Сгорбившись от боли, через площадь шел Искремас. Возле дверей своего театра он остановился. Изнутри доносились катаральные хрипы шарманки, скорбный голос иллюзионщика говорил:
— Дитя погибло в пучине моря… Но те, кто жив остался, — лучше ль их судьба?.. Отца и мать большевики замучили в чрезвычайке… Так пусть же белый рыцарь отомстит за всех!..
Искремас послушал немного и побрел дальше.
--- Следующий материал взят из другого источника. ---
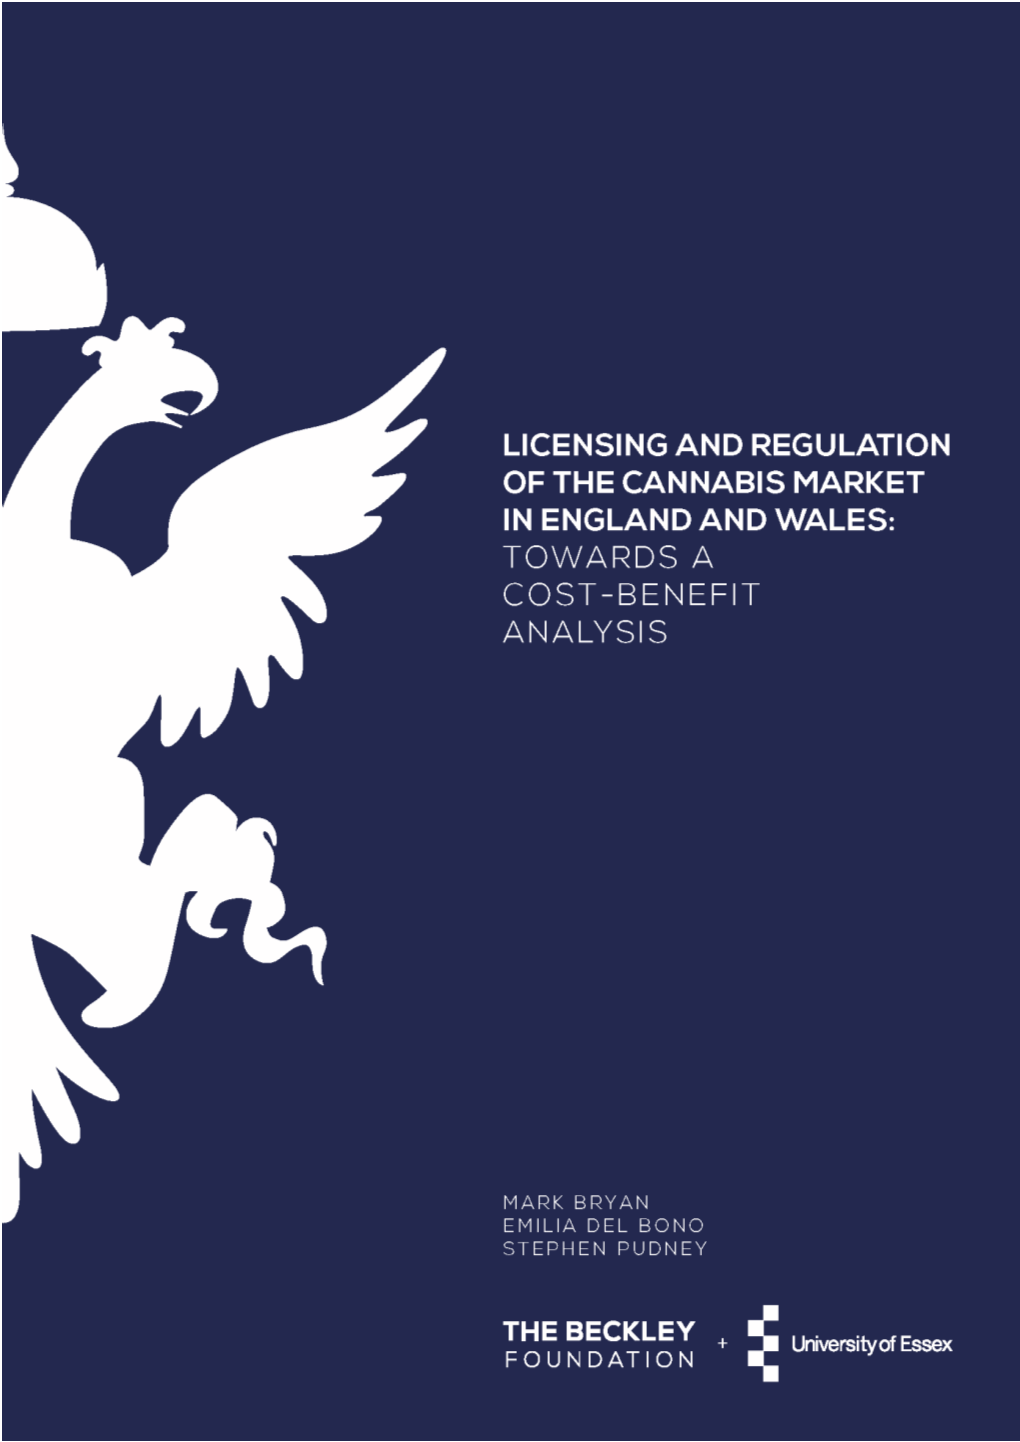 Licensing and Regulation of the Cannabis Market in England and Wales: Towards a Cost-Benefit Analysis

…Он пришел к дому художника. Только самого дома уже не было — его сожгли дотла. Черные разваленные стены еще дымились.
У забора лежали грудой хозяйские пожитки: кой-какая одежка, сковороды и кастрюли, треснутое зеркало, узел с постелью. Вдова художника сидела на этом узле, загородив лицо ладонями, и плакала. А на деревьях в саду, как злые обезьяны, суетились мальчишки, торопясь дограбить беспризорное хозяйство.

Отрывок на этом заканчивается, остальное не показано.